Capital Gains Tax - Exceptional Circumstance

I was wondering if there is anyone here who might have knowledge on the below, as it seems to be quite confusing and convoluted.

I have owned an apartment since 2014 and it was my main residence until 2019 when my wife and I decided to sell up, and buy a house due to having a family.

Half way through the conveyancing process, the sale fell through due to a lack of EWS1 certification (due to cladding) and two subsequent sale attempts also fell through, and so we had it revalued, and remortaged so that we could take out equity, move house and rent the flat out til the cladding was sorted. This was valued at £230,000 (an increase from the £155k buy price)

As is stated on HMRC's own website, they allow an extension to the stamp duty higher rate 3 year period for certain scenarios, and one matches ours specifically (example 5 on the HMRC website on the page called "

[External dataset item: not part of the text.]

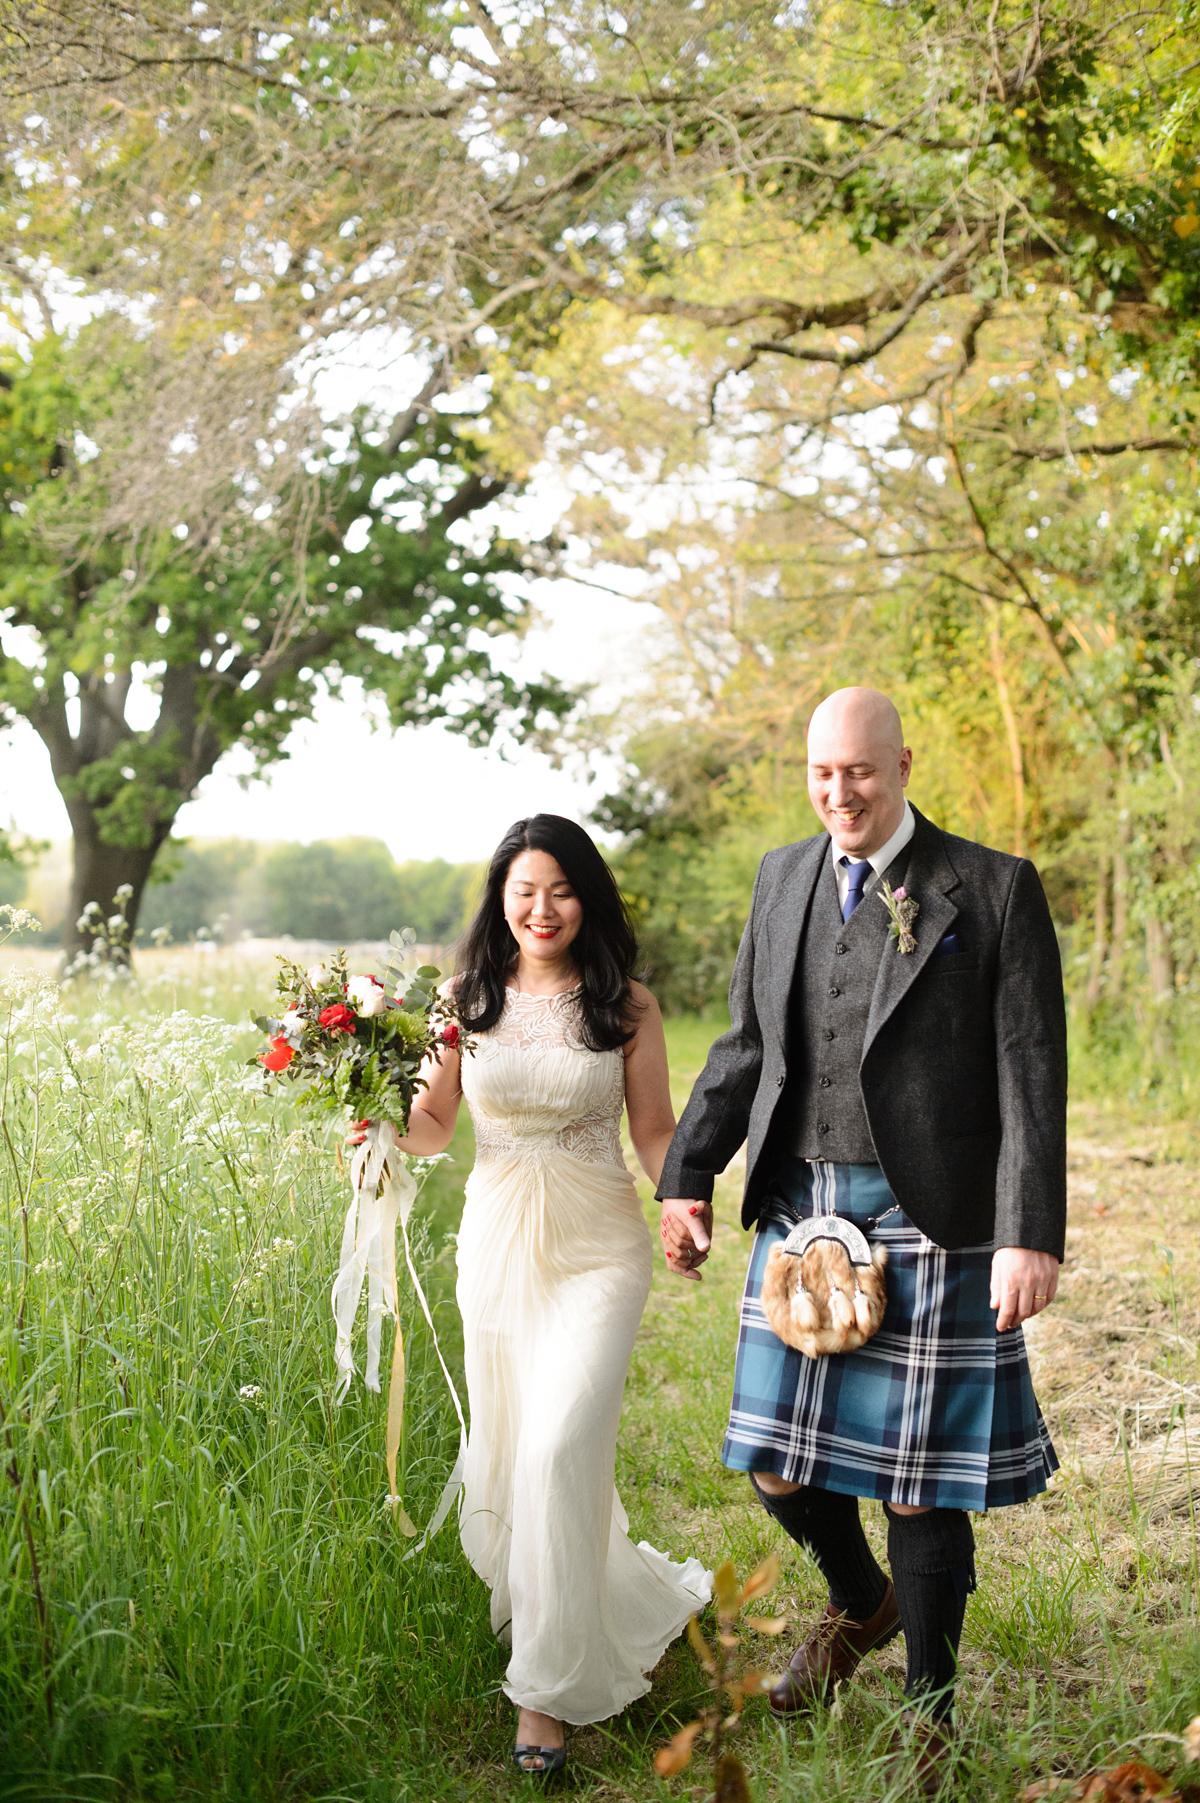 890e788b447d Tadashi Shoji french wedding - A Tadashi Shoji Gown for a Charming Wedding  in the French

SDLTM09807 - SDLT - Higher rates for additional dwellings: Condition D - exceptional circumstances"

- the forum will not let me post a link sorry!)

Now my question is, if HMRC see this as exceptional circumstances, do they have the same views when it comes to capital gains tax?

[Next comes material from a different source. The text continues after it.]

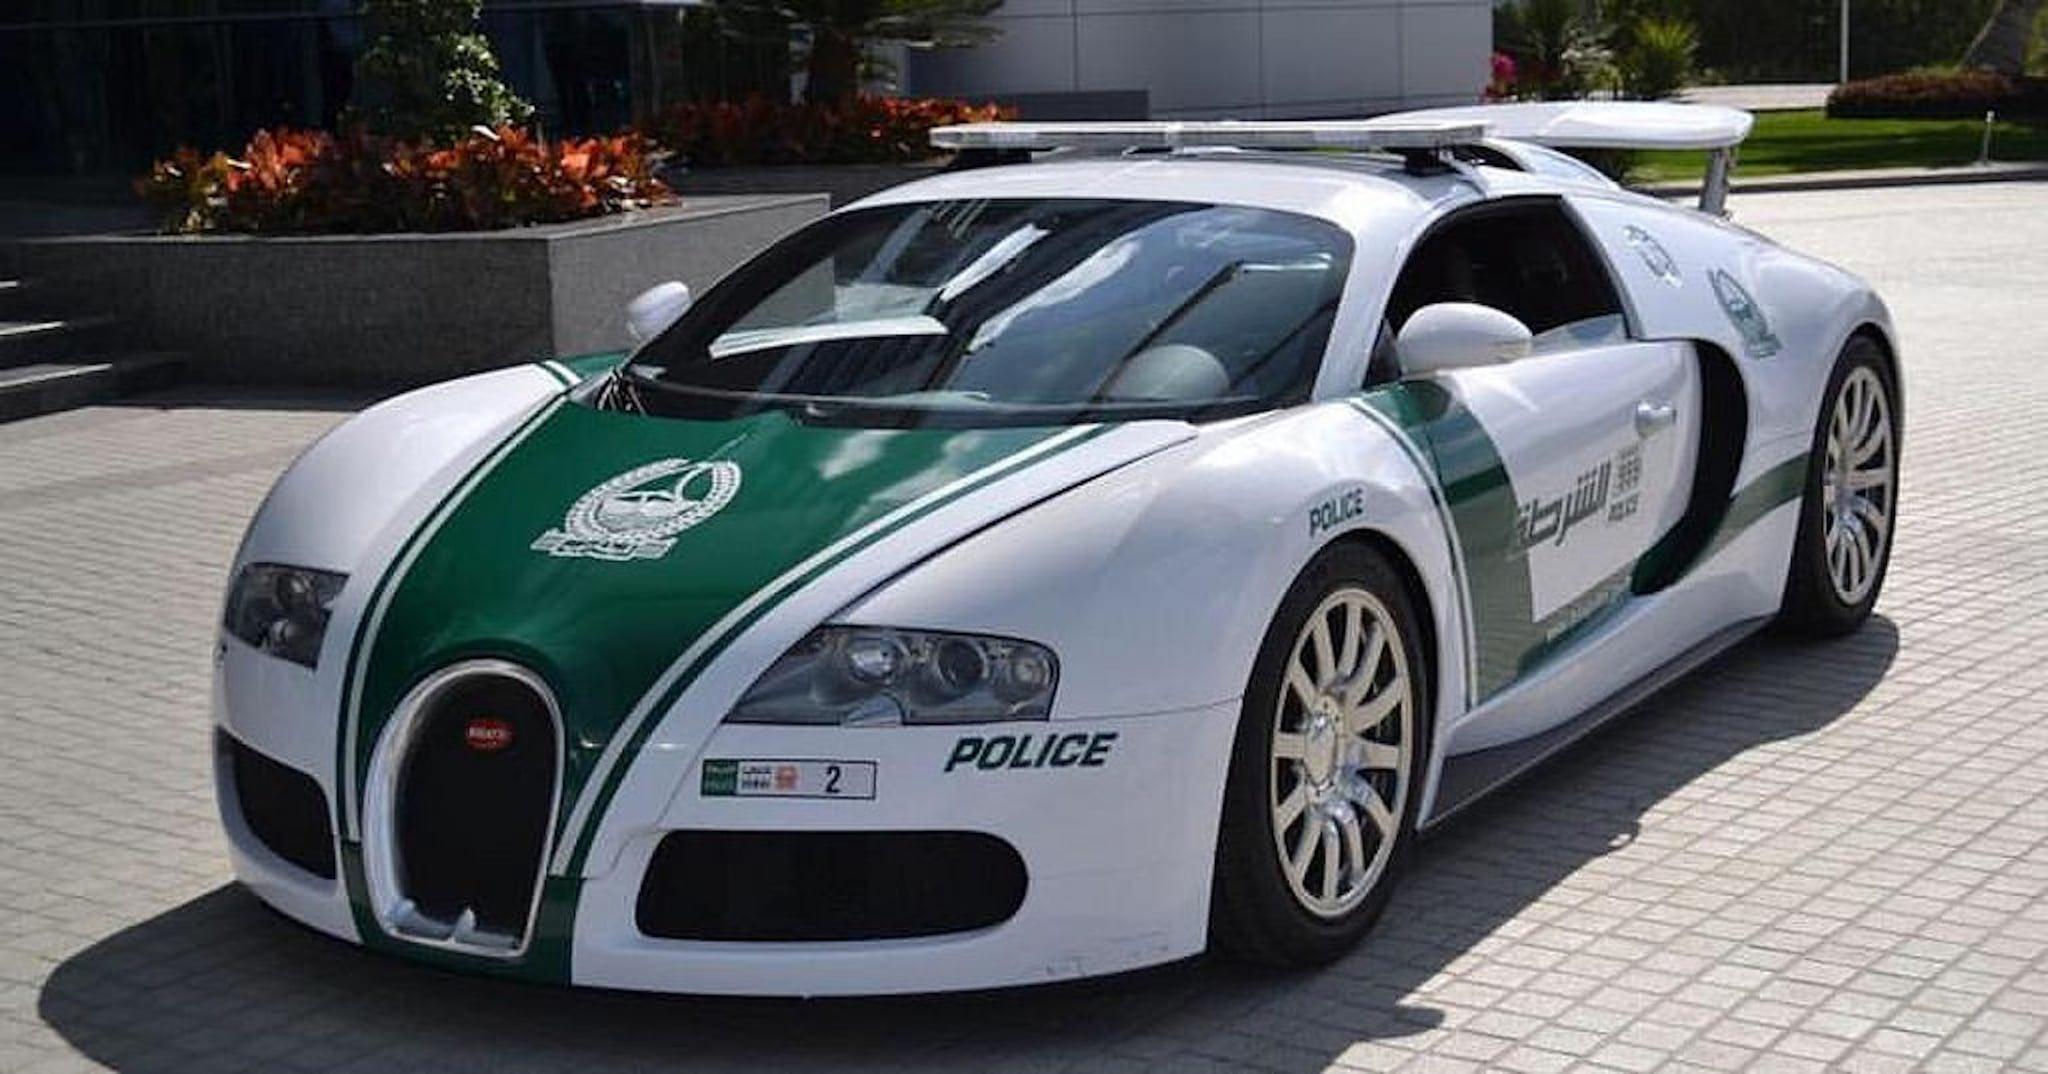 Картинки по запросу carros da policia do qatar

The reason I ask is that the flat has been rented for the 4 years that it was unsellable, and now that we have our EWS1 form, I have sold it at the first opportunity for £215k (a gain from the purchase price, but a £15k drop from the value when it flipped to being a rental).

Obviously, normally I would expect to pay tax on the gain from £155k to £215k, but is there any scope for relief here as HMRC have already shown precedent with regards to Stamp Duty?

Has anyone experienced this too?

Thanks
Simon

Comments

  • Jeremy535897
    Jeremy535897 Posts: 10,712 Forumite
    10,000 Posts Fifth Anniversary Photogenic Name Dropper
    The £230,000 value is irrelevant for capital gains tax, which will be based on the gain of £60,000, less acquisition costs, selling costs and improvements. But the period it was your main residence, plus the last 9 months, will be exempt, so, assuming your wife lived there too as her main residence (a married couple living together can have only one main residence), the gain will be significantly reduced. Do the calculation based on months. Was it jointly owned?
  • Taking it as jointly owned (based on ‘we got it revalued’ as opposed to ‘I have owned an apartment’) and assuming bought in October 2014 and main residence until October 2019, 69/108 of the £60000 would be exempt - 38333. This leaves 21667 chargeable - 10834 each. As Jeremy states, allowable costs reduce this amount further.